Moving beyond the Blattodea3 references, it’s not exactly news that TCP/IP has somewhat overstayed its welcome. Being on the downward slope of the 80-year story arch myself, I have a deep respect for anything still strutting its stuff after 40 years, but TCP does now have to recognize that times have changed. The protocol suite was, after all, developed in a time when information was inherently centralized, and everyone could easily point to the one or two places where the data they wanted was stored. No one cared much about latency, but memory was a scarce resource, resulting in stateless intermediary elements (i.e. routers) with little or no per-flow information held by the network.4 TCP’s continued success could be said to stem from the inherent fact that its reliability grows exponentially as the network expands. Why, then, would we break up with something that (to all intents) has increasingly less chance of breaking?

It’s not you, TCP--it’s me

We are now predominantly mobile, and we are consuming an increasing amount of broadcast(able) content. Right there–that’s two things that this transport protocol simply can’t stand. While we no longer have memory issues the prospect of billions of IoT devices being responsible for directing our every move has us paranoid about latency. Plus, with the propensity toward self-publication we are now consuming copious amounts of content from every imaginable element or endpoint. TCP/IP likes order: Static addresses that can be used to tag individual packets for routing to well-known destinations. We, however, live in an online world of complete chaos. Who knows where anything is anymore? It’s sorta like my house, really.
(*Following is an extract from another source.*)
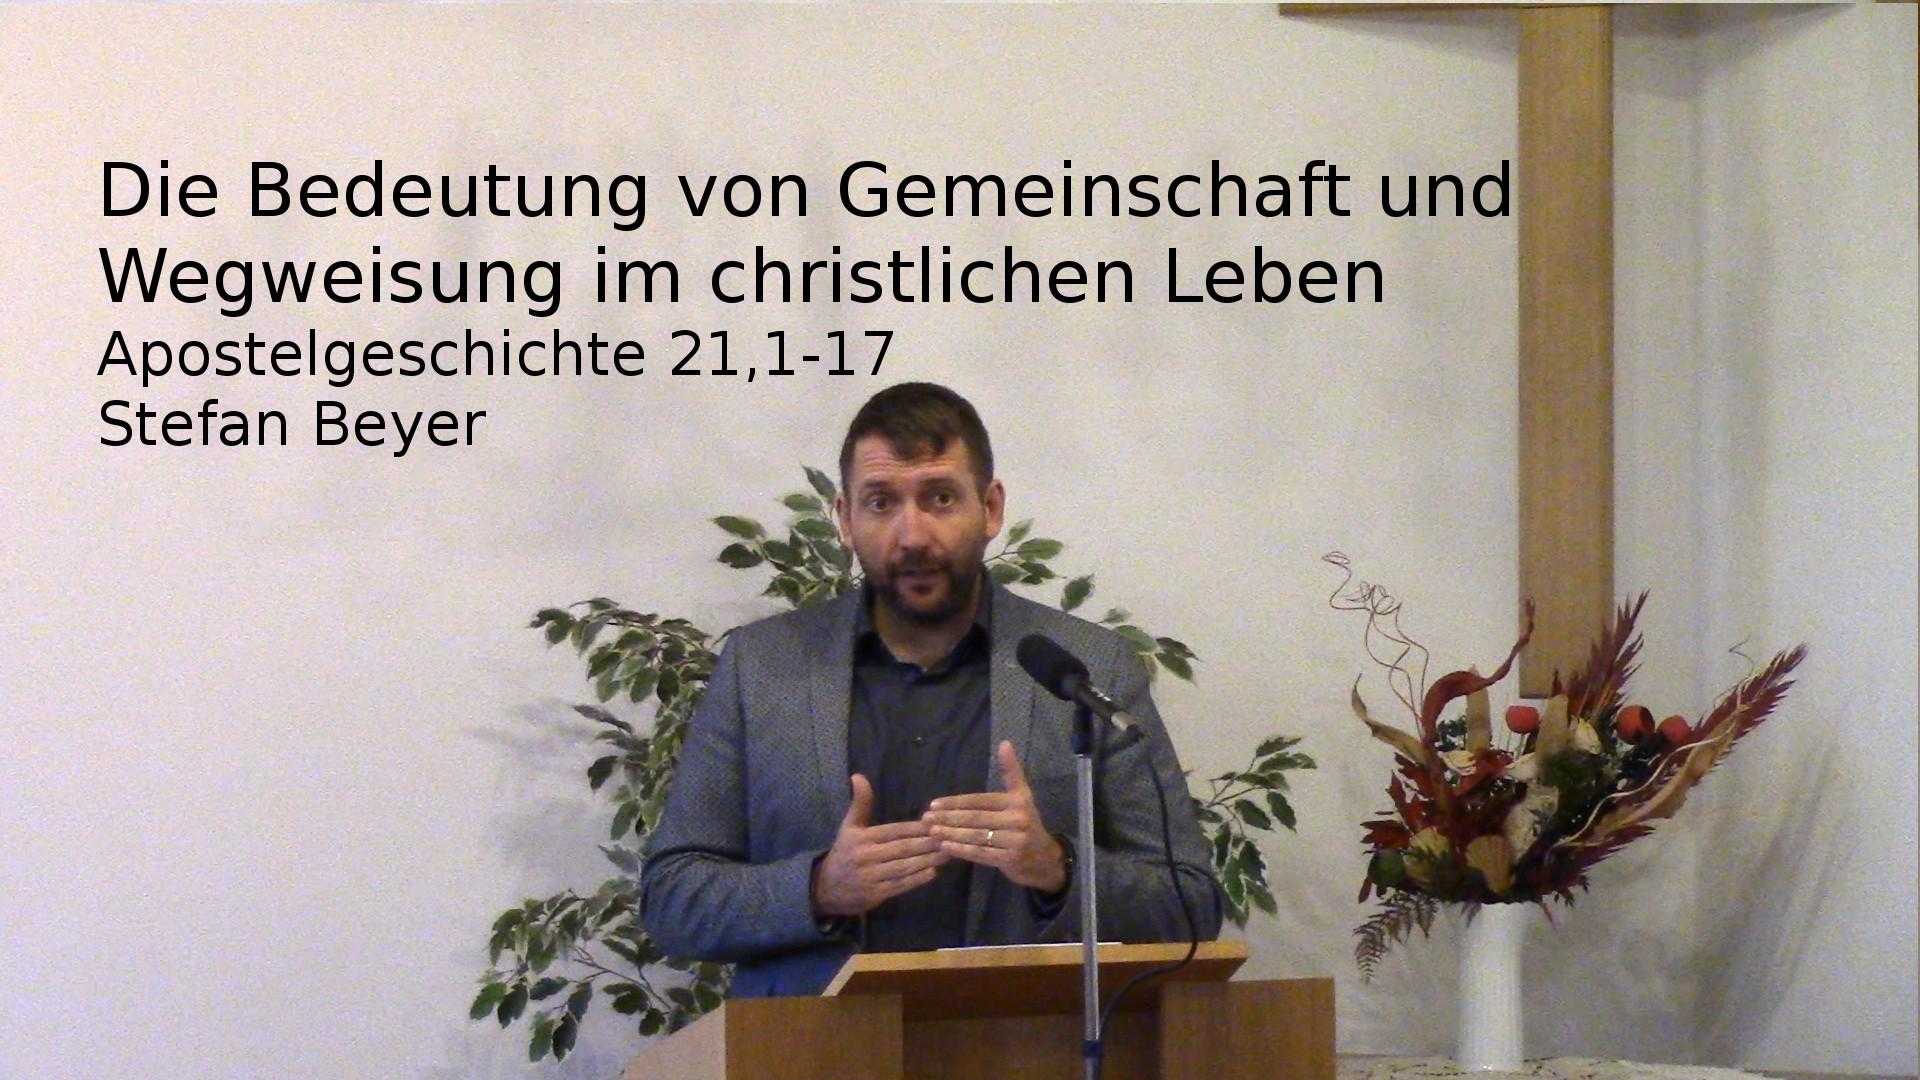 Die Bedeutung von Gemeinschaft und Wegweisung im christlichen Leben

On top of all that, we are still practicing nothing more than Security Theatre, as the physical world refers to the act of giving the impression of us all being totally protected.5 Every time you fly, you are a participating in this particular form of performance art. When it comes to TCP, we lock down the connection quite adequately using SSL, but this does nothing to protect me from what’s inside the payload I’m receiving or from whoever is sending it.

An over-reliance on overlays

So, while the vast majority of Internet traffic is acquiring named chunks of data, such as Web pages and videos, we still request the data using completely nondescript numbering schemes, which are then, in turn, used to steer traffic across a network. This differs very little, in essence, from the telephone network and numbering scheme. In the same way we employed telephone books to equate a nondescript, pseudo-random number with real person or endpoint (business), we use global domain name servers (DNS) to perform a similar role in the Internet realm. While IP address gives the illusion of being dynamic, nothing is further from the truth. Neither the DNS nor the route discovery and propagation mechanisms respond well to changes. Indeed, any time an IP address changes anywhere, it’s a complete kerfuffle.  The internet was fundamentally architected for fixed networking.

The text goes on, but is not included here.